Copy the lines below exactly. No picture goes into the copy.

◆ Collected data:

::::

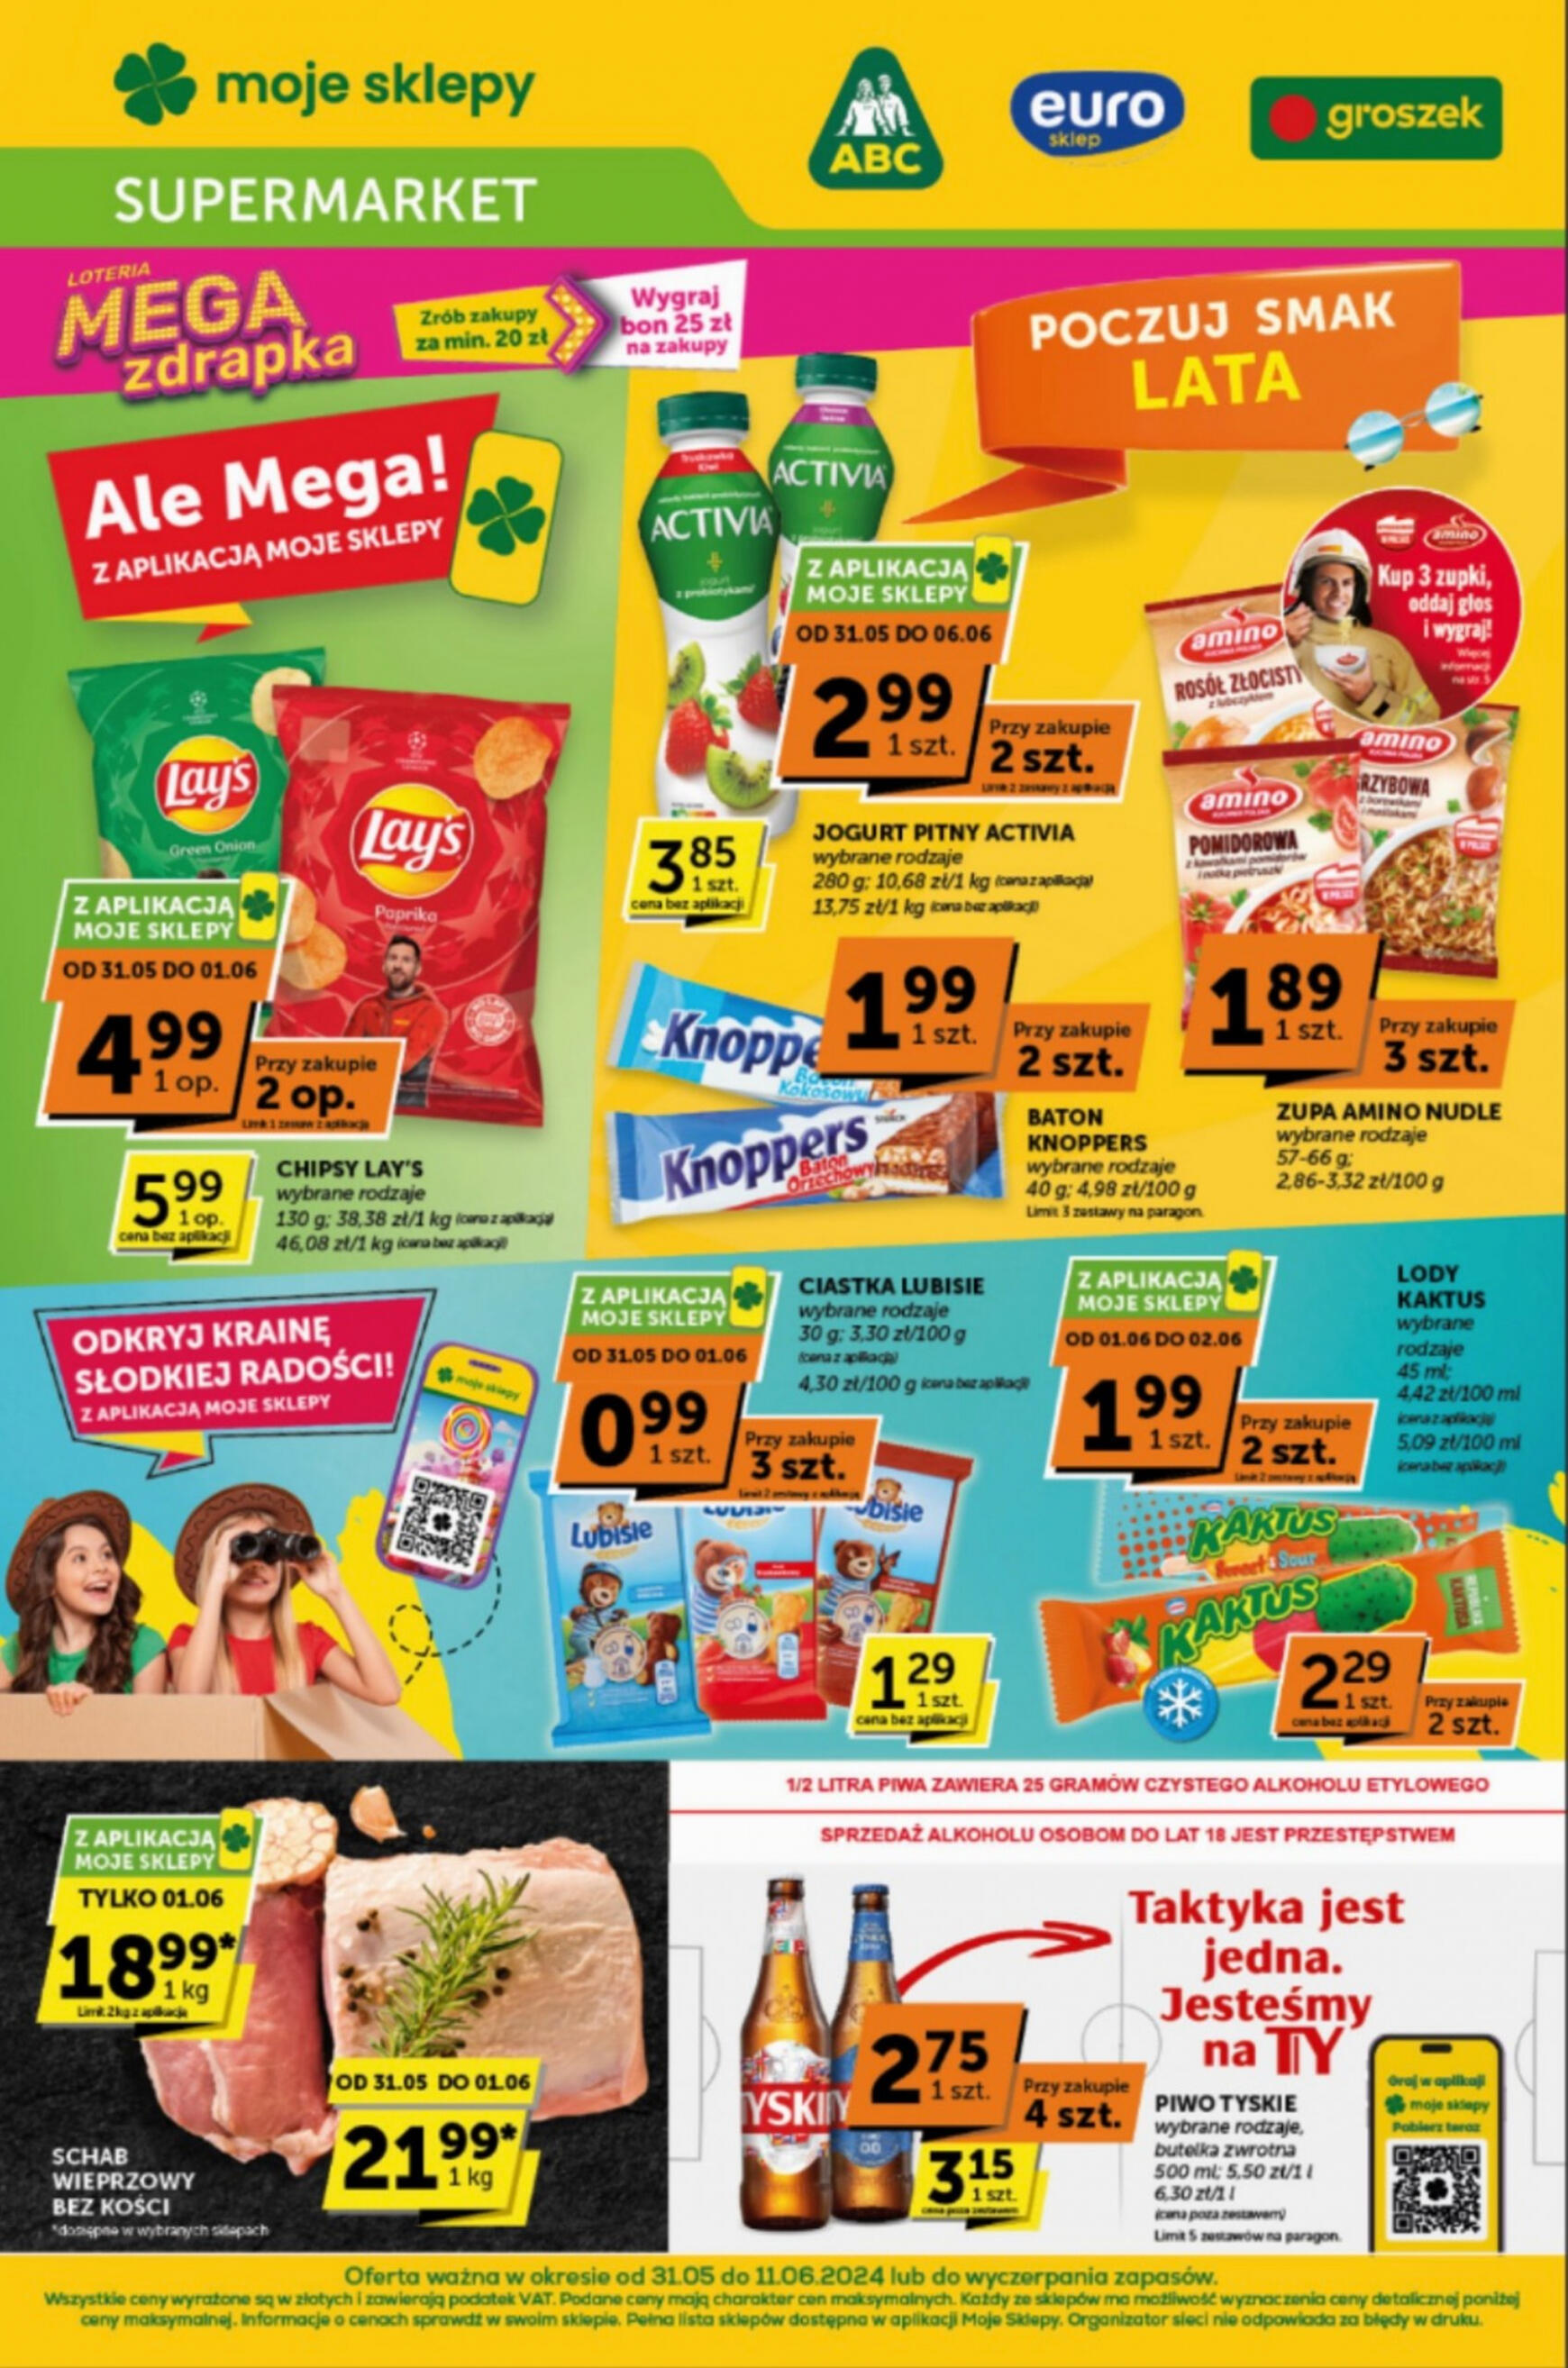 groszek - Groszek - Supermarket gazetka aktualna ważna od 31.05. - 11.06.
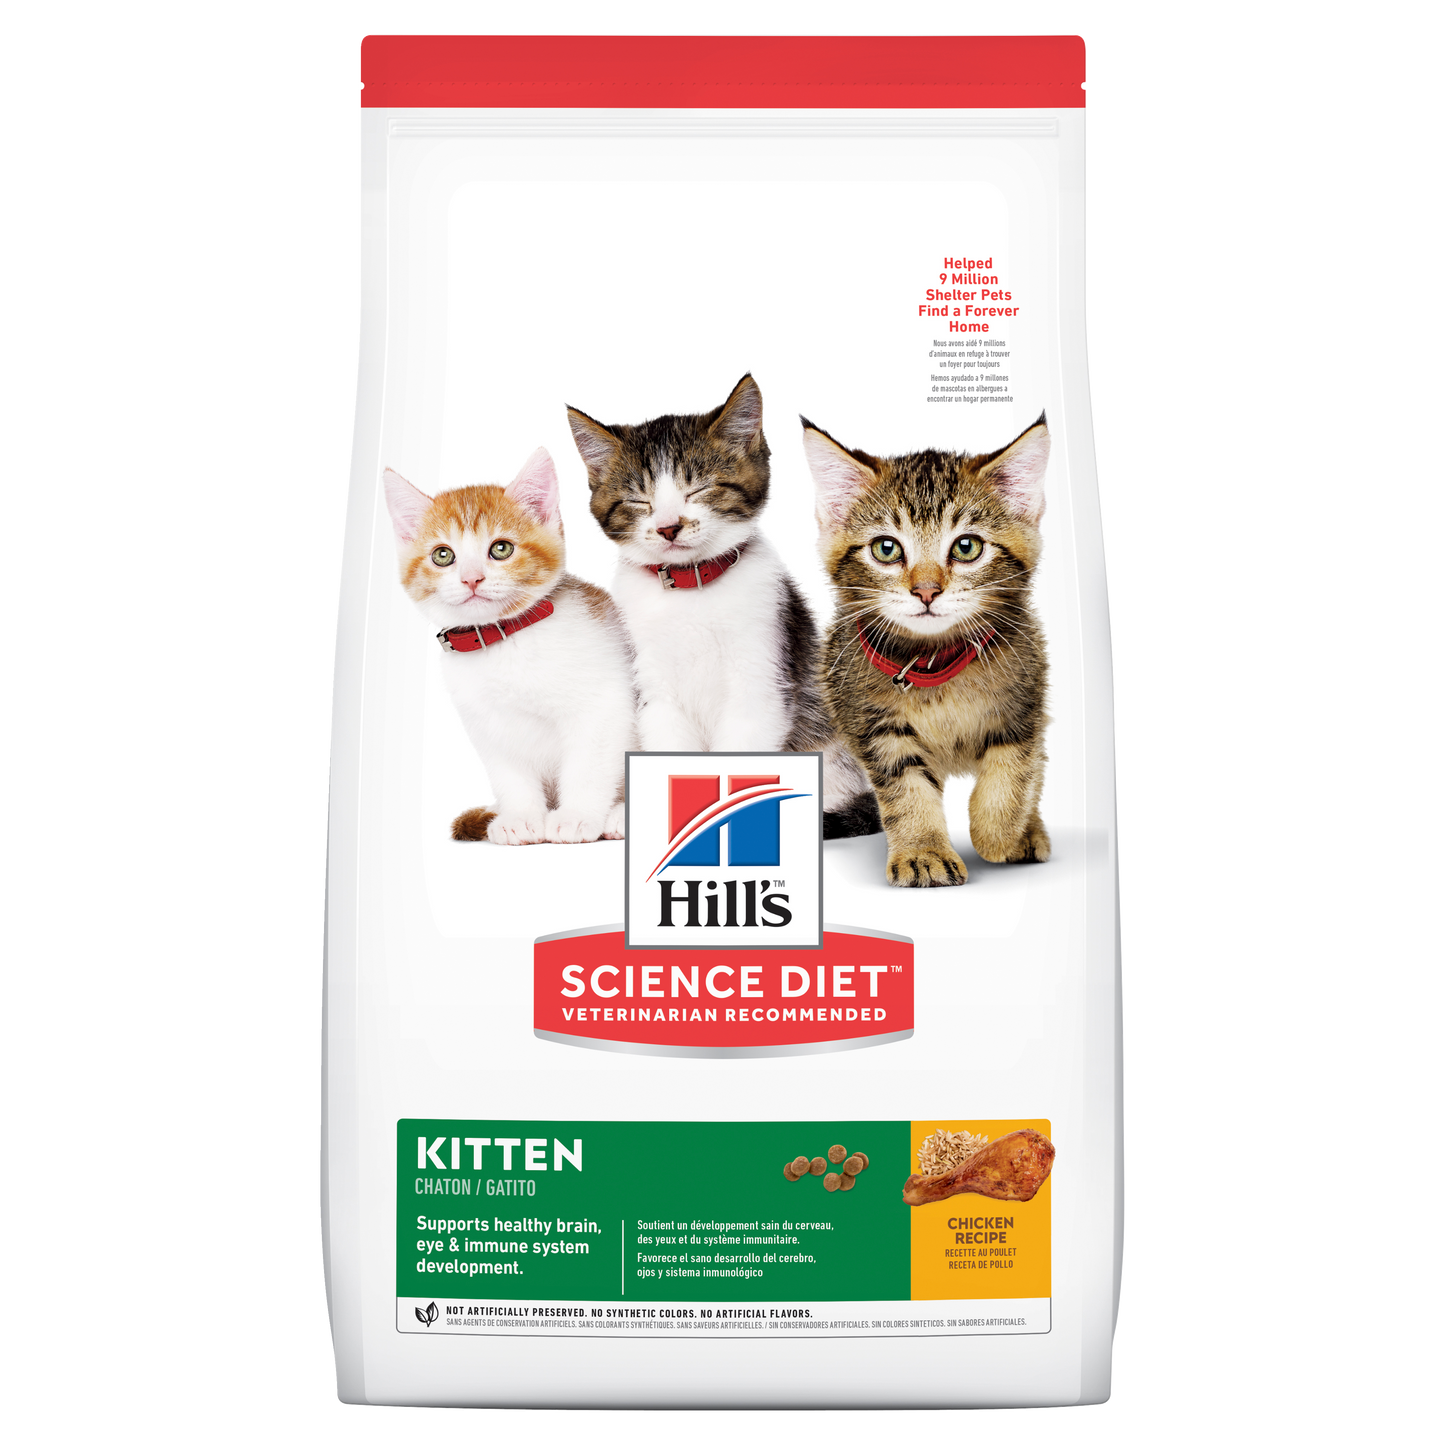 Hills Science Diet Kitten 1.58kg
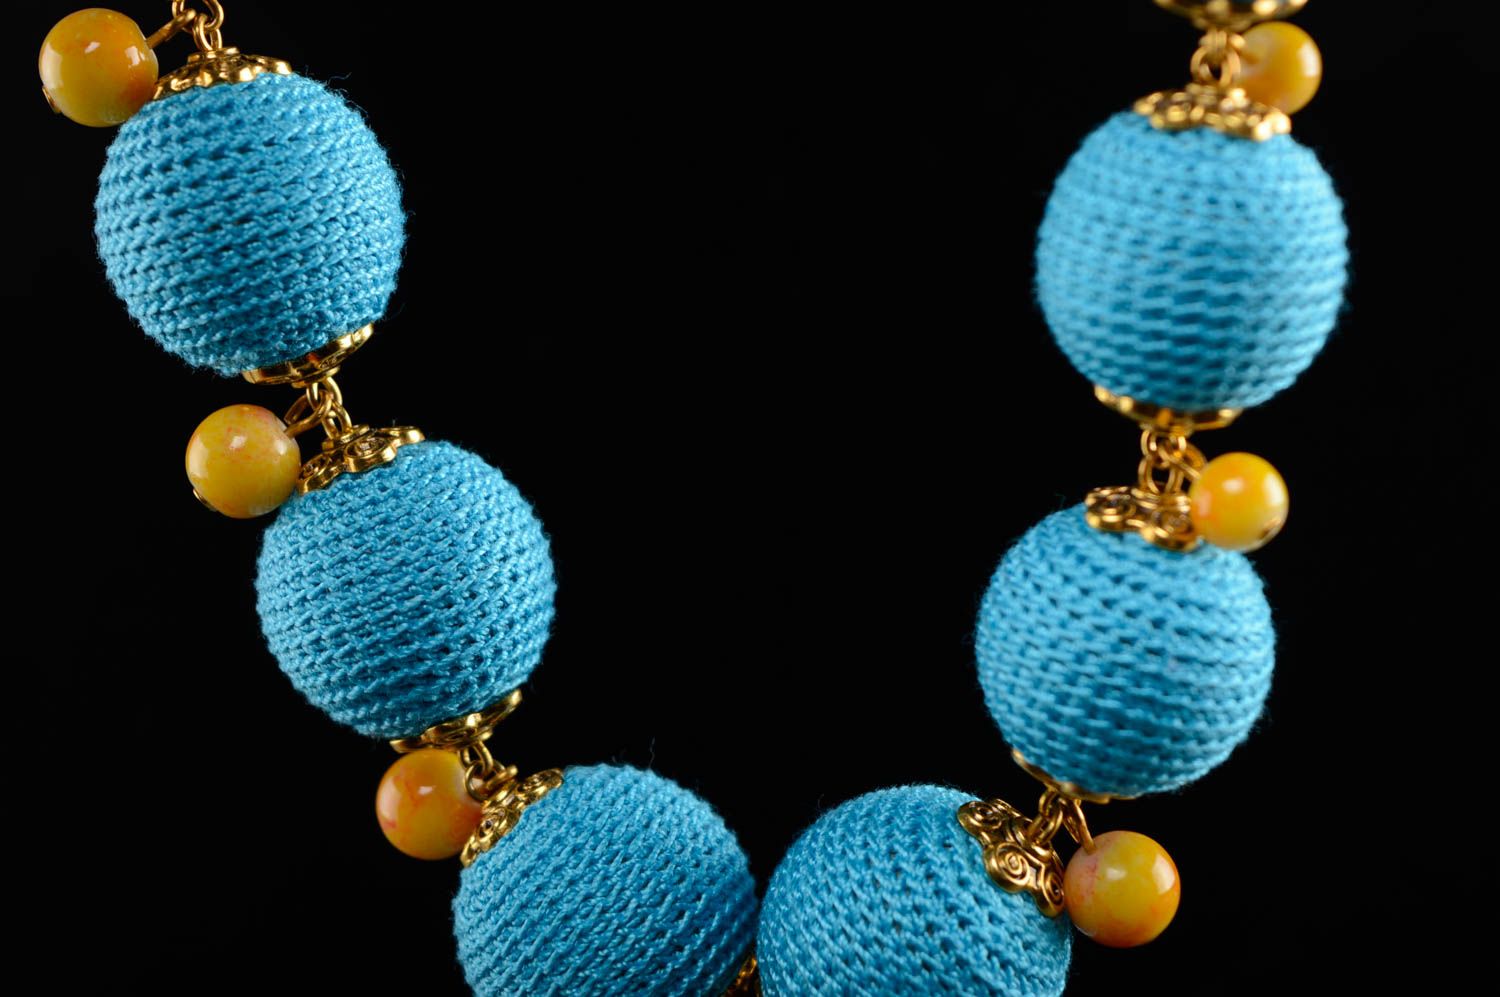 Textil Halskette mit Kugeln Blaue Lagune foto 3

::::

◆ Task response:
 groszek - Groszek - Supermarket gazetka aktualna ważna od 31.05. - 11.06.
 Hills Science Diet Kitten 1.58kg
 Textil Halskette mit Kugeln Blaue Lagune foto 3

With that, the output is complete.